____ Records supplied

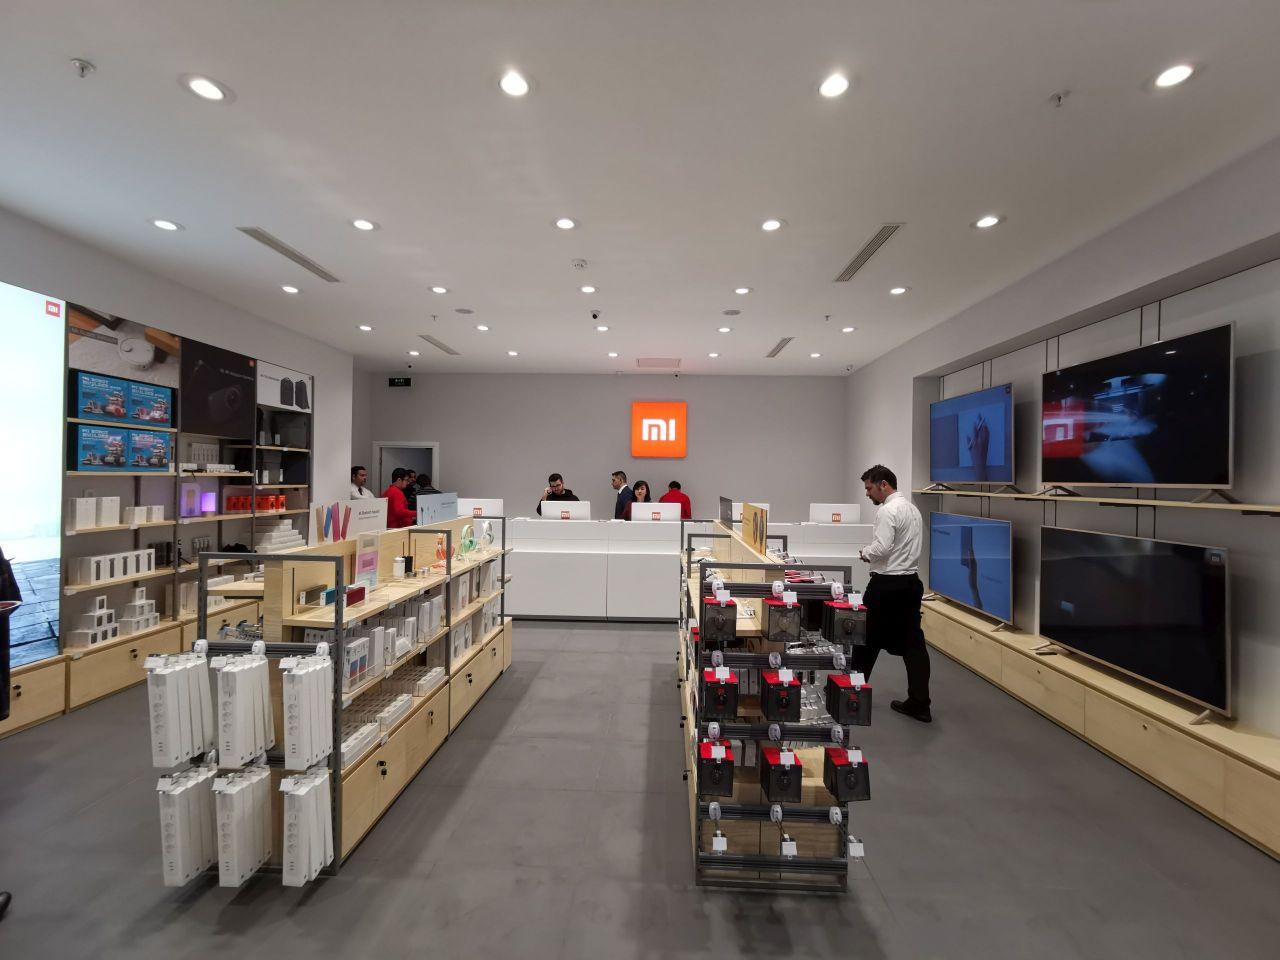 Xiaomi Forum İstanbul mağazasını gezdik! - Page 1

________
____ Records supplied

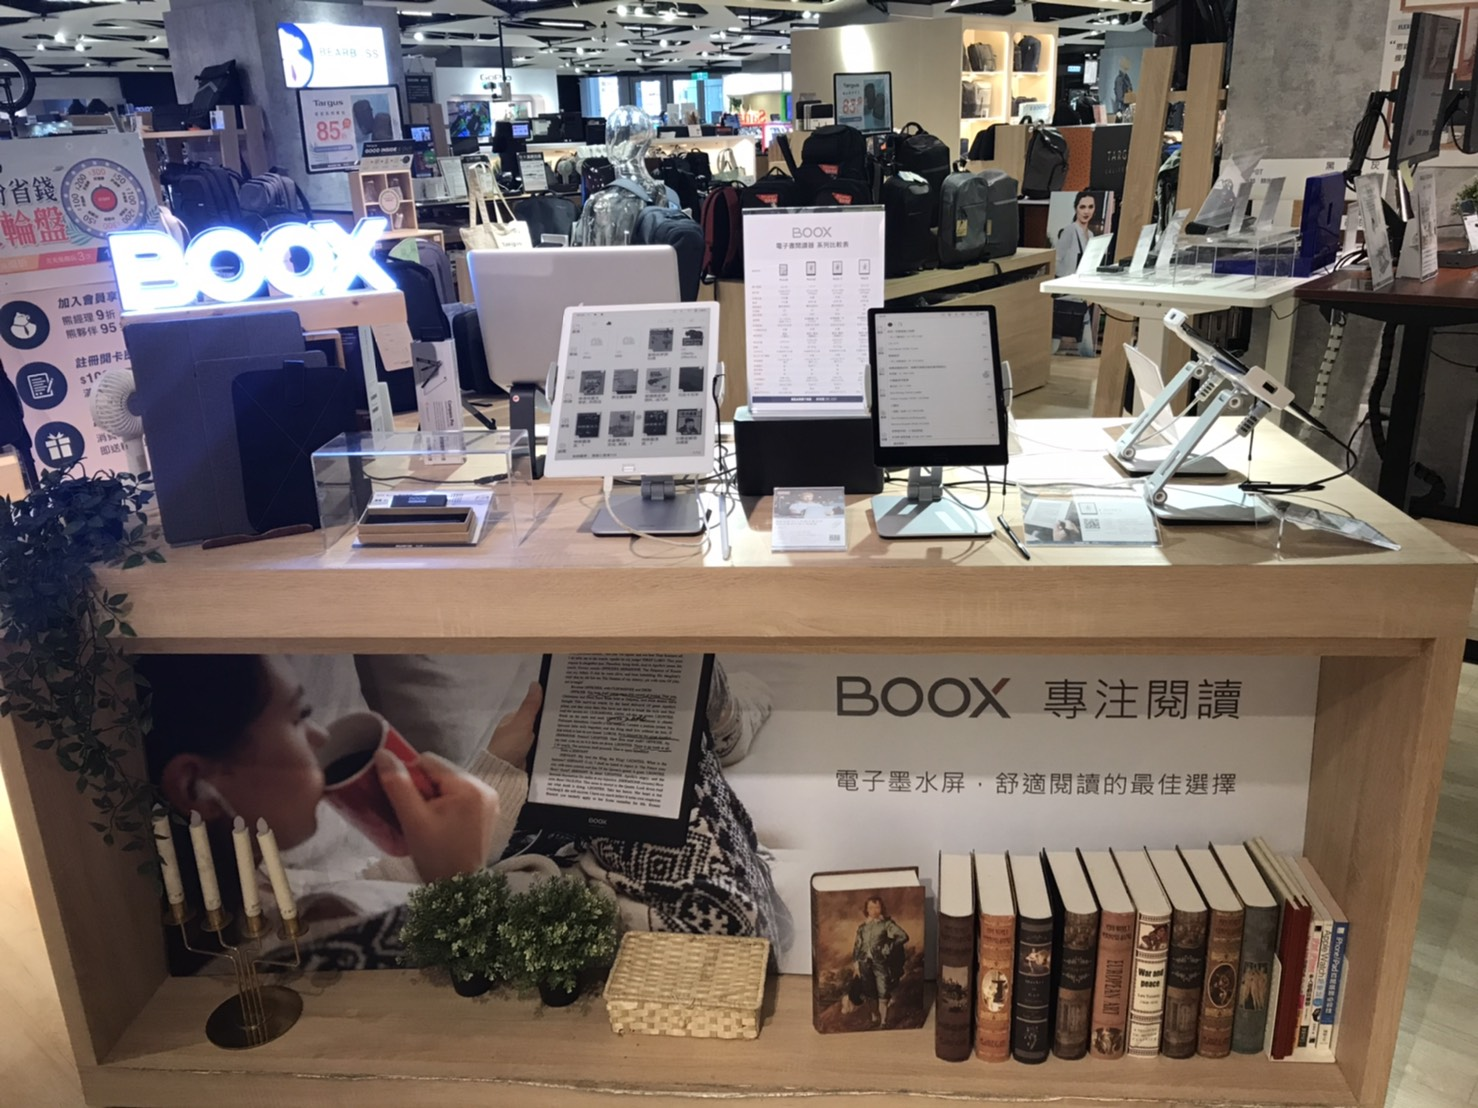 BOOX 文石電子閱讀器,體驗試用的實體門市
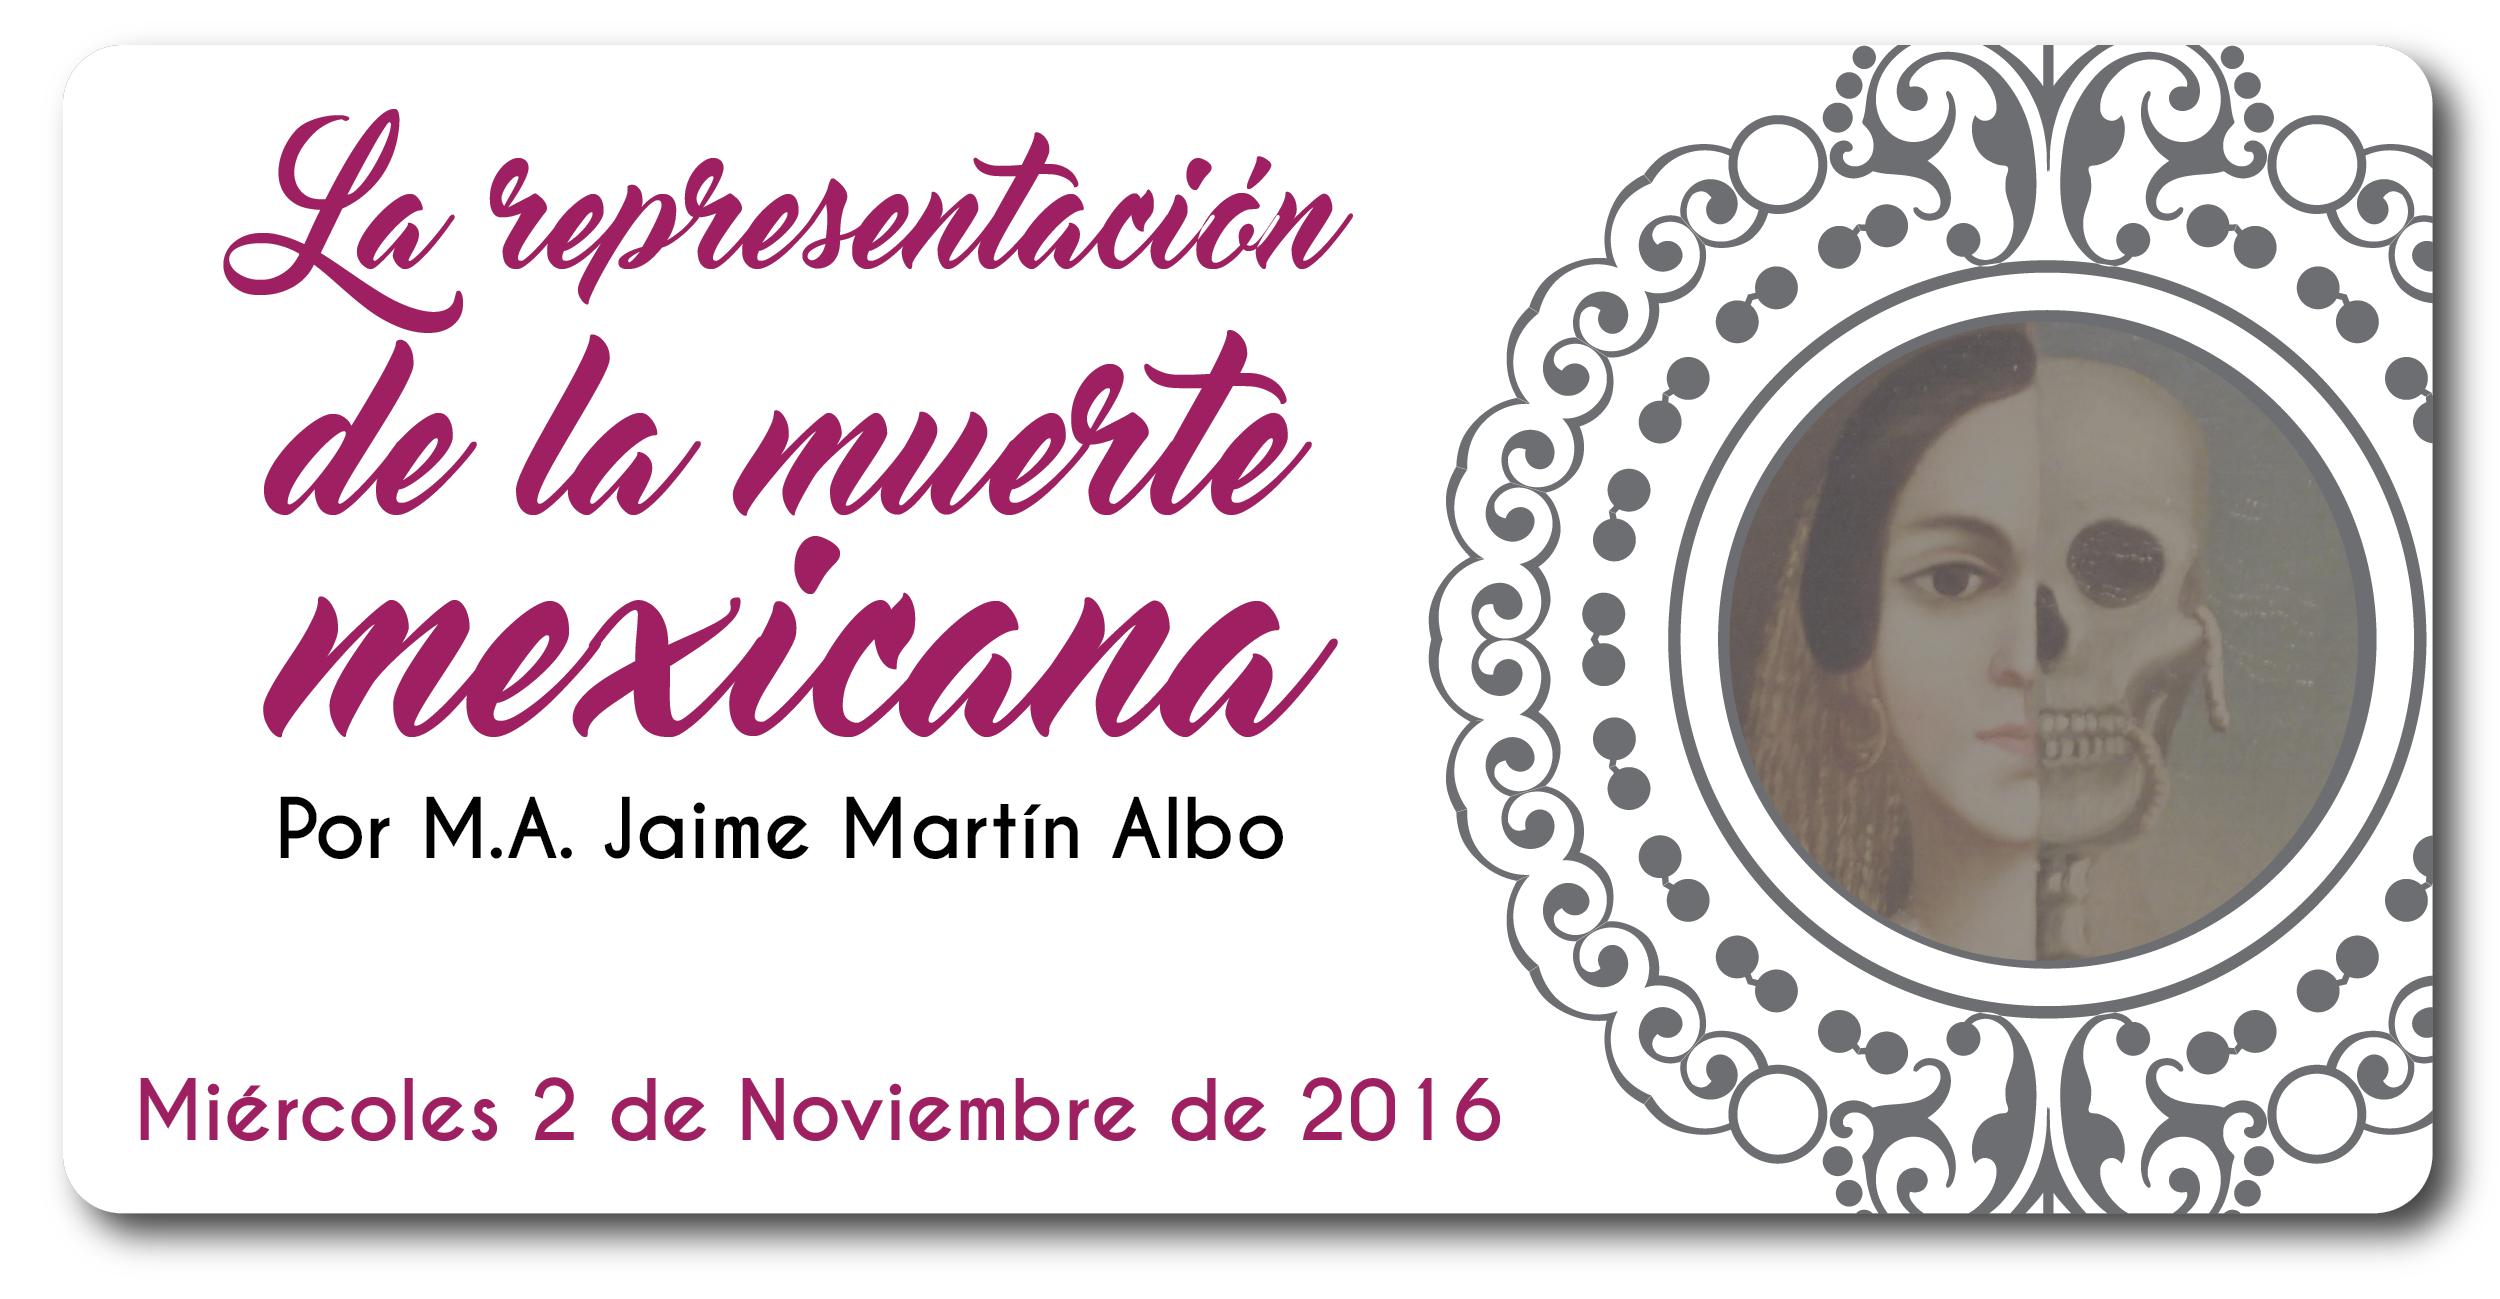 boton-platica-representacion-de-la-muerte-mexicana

________
____ Records supplied

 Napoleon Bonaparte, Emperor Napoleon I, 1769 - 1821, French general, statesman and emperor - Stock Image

________

### What this task involves
Look above for the line containing "BOOX 文石電子閱讀器,體驗試用的實體門市", then write out every line from there down to the line containing "boton-platica-representacion-de-la-muerte-mexicana", that line included, with no pictures.

### Solution to this exercise
 BOOX 文石電子閱讀器,體驗試用的實體門市
 boton-platica-representacion-de-la-muerte-mexicana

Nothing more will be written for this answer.